There are six parameters in this function:
1. dataset = "pibmunic"
2. raw_data: there are two options:
# TRUE: if you want the raw data.
# FALSE: if you want the processed version of the data.
3. time_period: data is available from 2002 to 2018
4. geo_level: there are three options
# "country"
# "state"
# "municipality"
5. language: you can choose between portuguese and english
6. legal_amazon_only: setting the return of Legal Amazon Data (legal_amazon_only = TRUE) or Country Data (legal_amazon_only = FALSE)

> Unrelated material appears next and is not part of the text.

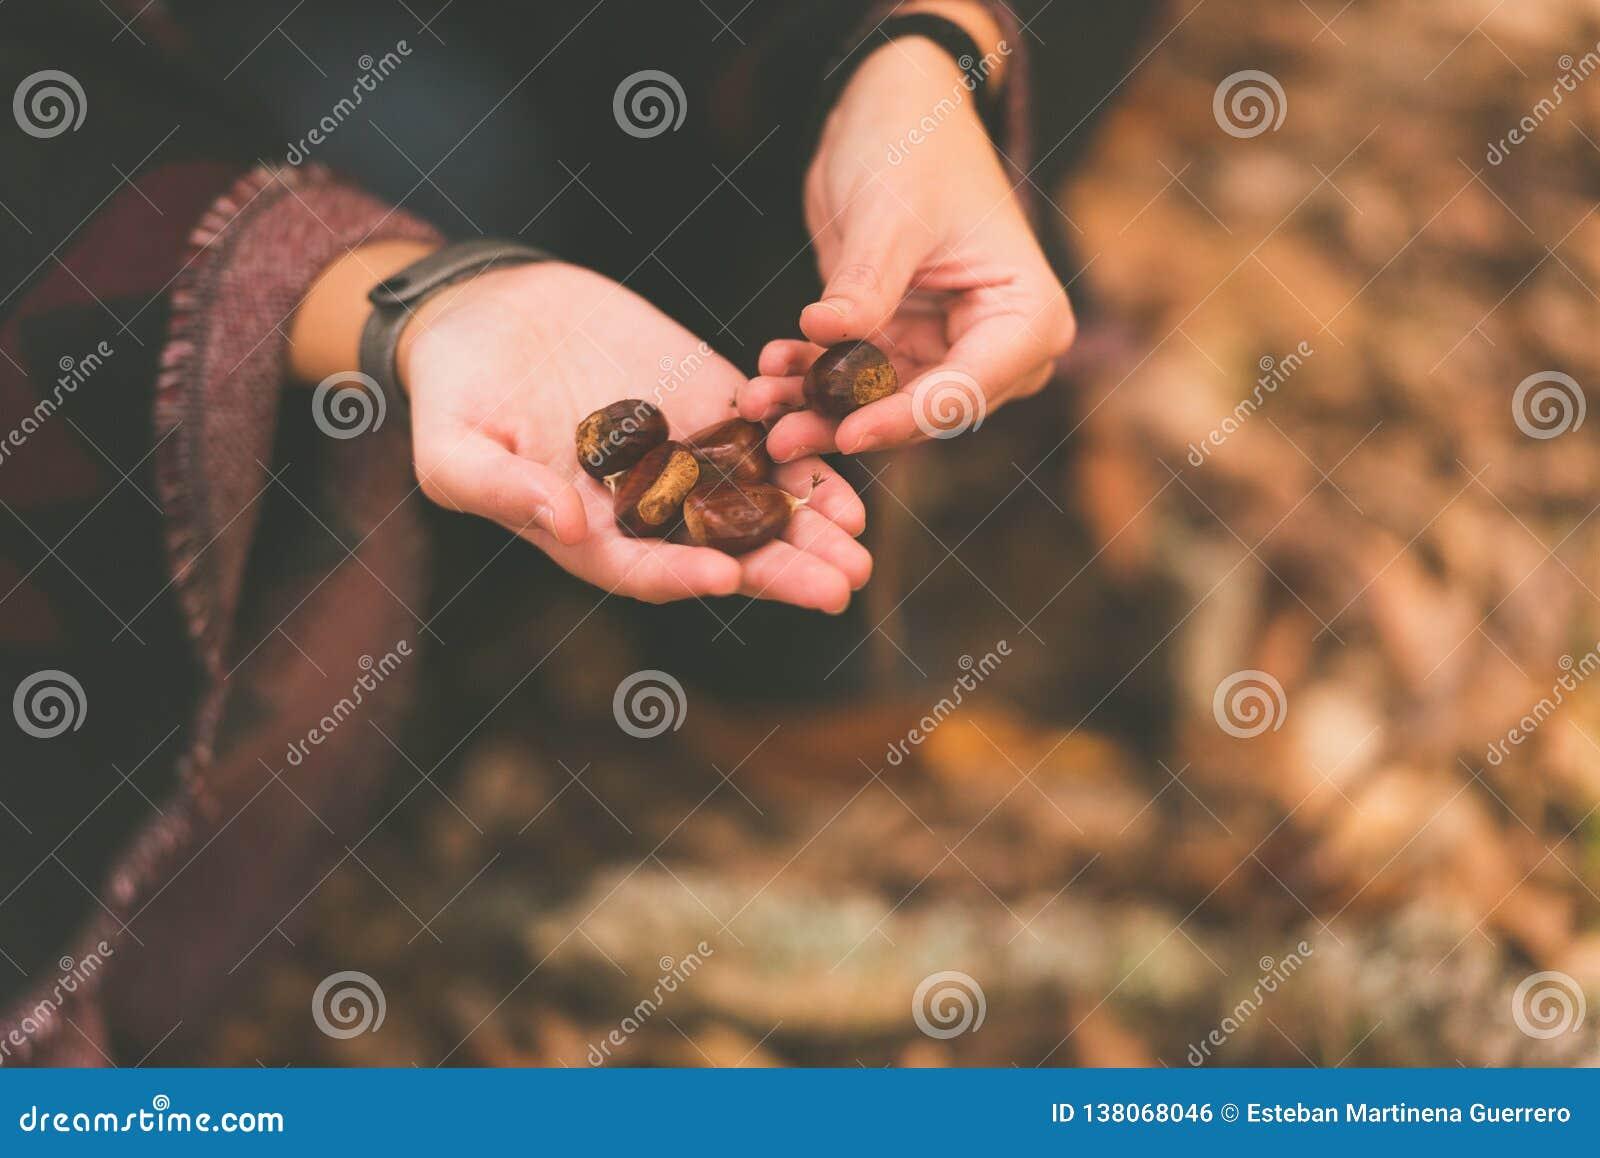 Una mujer joven coge las castañas caidas en la tierra en un bosque otoñal

# Download raw data (raw_data = TRUE) on gross domestic product
# (dataset = 'pibmunic') from the entire country (legal_amazon_only = FALSE)
# by state (geo_level = 'state') from 2012 (time_period = 2012)
data <- load_pibmunic(dataset = 'pibmunic',
raw_data = TRUE,
geo_level = 'state',
time_period = 2012,
legal_amazon_only = FALSE)
# Download treated data (raw_data = FALSE) on gross domestic product
# (dataset = 'pibmunic') from the Legal Amazon (legal_amazon_only = TRUE)
# by municipality (geo_level = 'municipality') from 2012 (time_period = 2012).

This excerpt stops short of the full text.